So, while many of us are counting down the last few months enjoying our last experiences of having human bosses (or maybe some of us will actually prefer a robot), we can now breathe a huge sigh of relief that a whopping “96% of clients are getting real value from RPA” (Robotic Process Automation).  And not only that, RPA is thriving at a “satisfaction level greater than anything Fran has seen in her 17 years at Gartner”:

I personally would love to meet this incredible cross sample of delighted clients Fran has had the good fortune to interview, seeing as we’ve been covering the emergence of RPA for nearly 5 years and this space is still at a very early phase of (sometimes) painful RPA experimentation, as enterprises figure out how to scale these tools, govern them and learn how to integrate them with other applications using scarce technical skills, while dealing with very challenging change issues.  

At HfS, we just came off a very intense day with 60 enterprise clients tinkering with RPA, and can officially declare that 96% of them are definitely not in love with their experience.  In fact, only a handful are making real progress, while the majority lack a cohesive governance program to get this stuff working on even a few rudimentary processes.  At HfS, we estimate, from our extensive ongoing research, that about half of today’s RPA implementations are, so far, making some progress, while even Ernst and Young’s new RPA report declares it has seen 30-50% of initial RPA implementations fail. (And this McKinsey piece entitled “Burned by the bots: Why robotic automation is stumbling”  has since been published… well worth a read).   

Why claiming 96% of RPA customers are seeing real value is plainly ridiculous 

Several of the RPA solutions vendors are painting an over-glamorous picture of dramatic cost savings and ROI. RPA software firms are claiming – and demonstrating – some client cases where ~40% of cost (or more, in some cases) is being taken off the bottom line.
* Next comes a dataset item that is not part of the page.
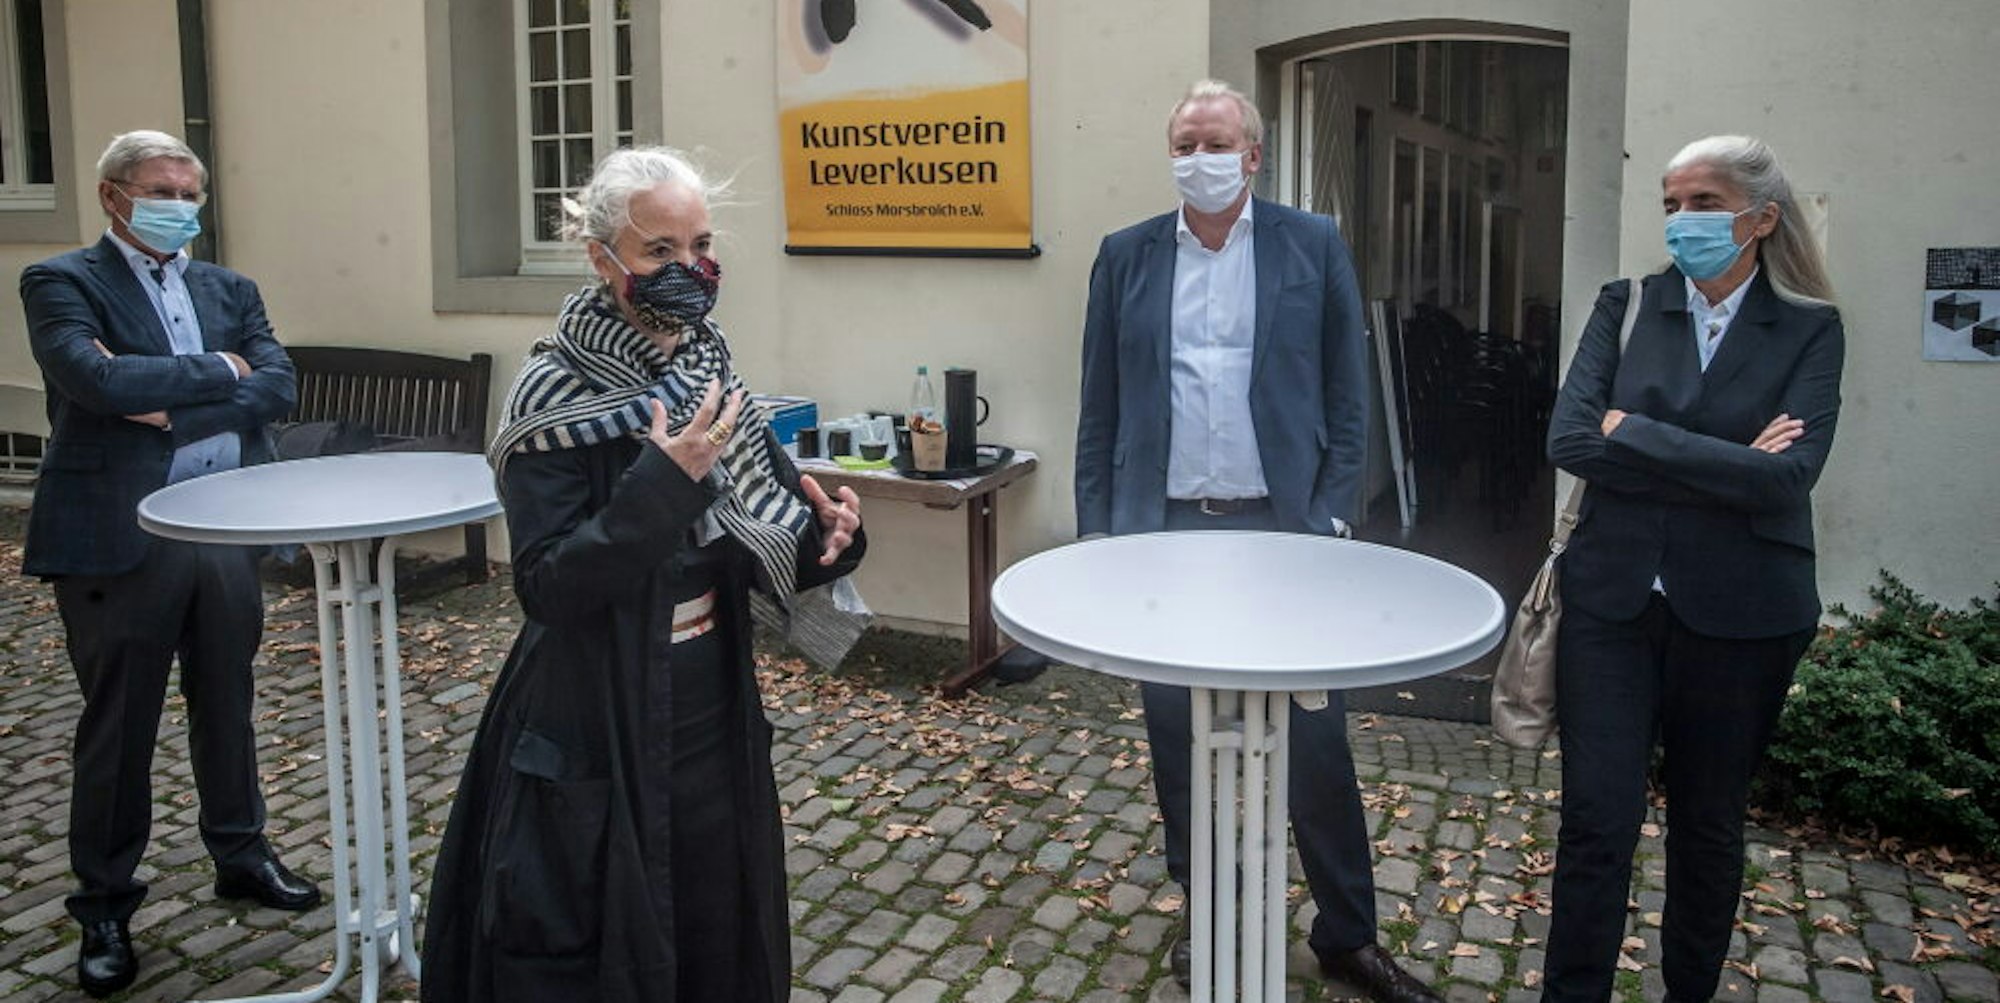 Kulturdebatte vor Kunstverein und Schloss: Ministerin Isabel Pfeiffer-Poensgen, OB-Kandidat Frank Schönberger (CDU), Susanne Wedewer-Pampus, Gottfried Zaby (von rechts).

While some of these cases are genuine, there are many RPA pilots and early-phase implementations in the industry that have been left stranded because clients just couldn’t figure out the ROI and how to implement this stuff. This isn’t simply a case of buying software and looping broken processes together to remove manual efforts… this requires real buy-in from IT and operations leaders to invest in the technical, organizational change management, and process transformation skills. 

Several RPA clients cannot scale their solutions and are aborting implementations.  One solution in particular, which featured high in many analyst scatterplots, has recently suffered the ignominy of not being able to scale at the level it needs, with several of its clients and projects being either aborted or moved onto other solutions

Buyers are backed into a corner with broken delusions of automation grandeur as their CoEs fail. Buyer leaderships are being fed all this rosy information and are under incredible pressure to devise and execute an RPA strategy, with some sort of set of metrics, that they can demonstrate to their operations leadership.  Many are quickly discovering they simply do not have the skills inhouse to set up automation centers of excellence and are frantically turning to third parties to help get them on the right track.

Outsourcing consultants are selling RPA before they can really deliver it. Sourcing advisors are claiming they are now “RPA experts” who can make this happen, while struggling to scale up talent bases that can understand the technology and deal with the considerable change management tensions within their clients.  RPA is murky and complex, and not something you can train 28-year-old MBAs to master overnight.  Meanwhile, we are seeing some advisors simply do some brokering of RPA software deals for small fees, only to make a hasty exit from the client as they do not have the expertise to roll-out effective implementation and change management programs. 

RPA specialist consultants few and far between. Pure-play RPA advisors are explaining this is not quite so easy and requires a lot more of a centralized, concise strategy.  There are simply not enough of these firms in the market, especially with Genfour having been snapped up recently by Accenture. With only a small handful of boutique specialists to go around, these firms can pick and choose their clients and command high rates.

Service providers are setting the pace, but will destroy each other in the process, making it challenging to source the right RPA capabilities. Service providers are claiming they can implement whatever RPA clients need, but are not willing to do it at the expense of reducing their current revenues. Meanwhile, smart service providers are aggressively implementing RPA into their own operations to drive down their delivery costs and reduce their own headcount, and many are already claiming 10-20% of their delivery headcount has been reduced. So we can expect to see providers aggressively attacking competitive clients with automation-led solutions that should create unbearable pricing pressures for service providers looking to retain the talent they need to implement this stuff. Hence, services providers will be hell bent on destroying each other and the winners will be those who eventually succeed in winning more work than they lose amidst all the destruction.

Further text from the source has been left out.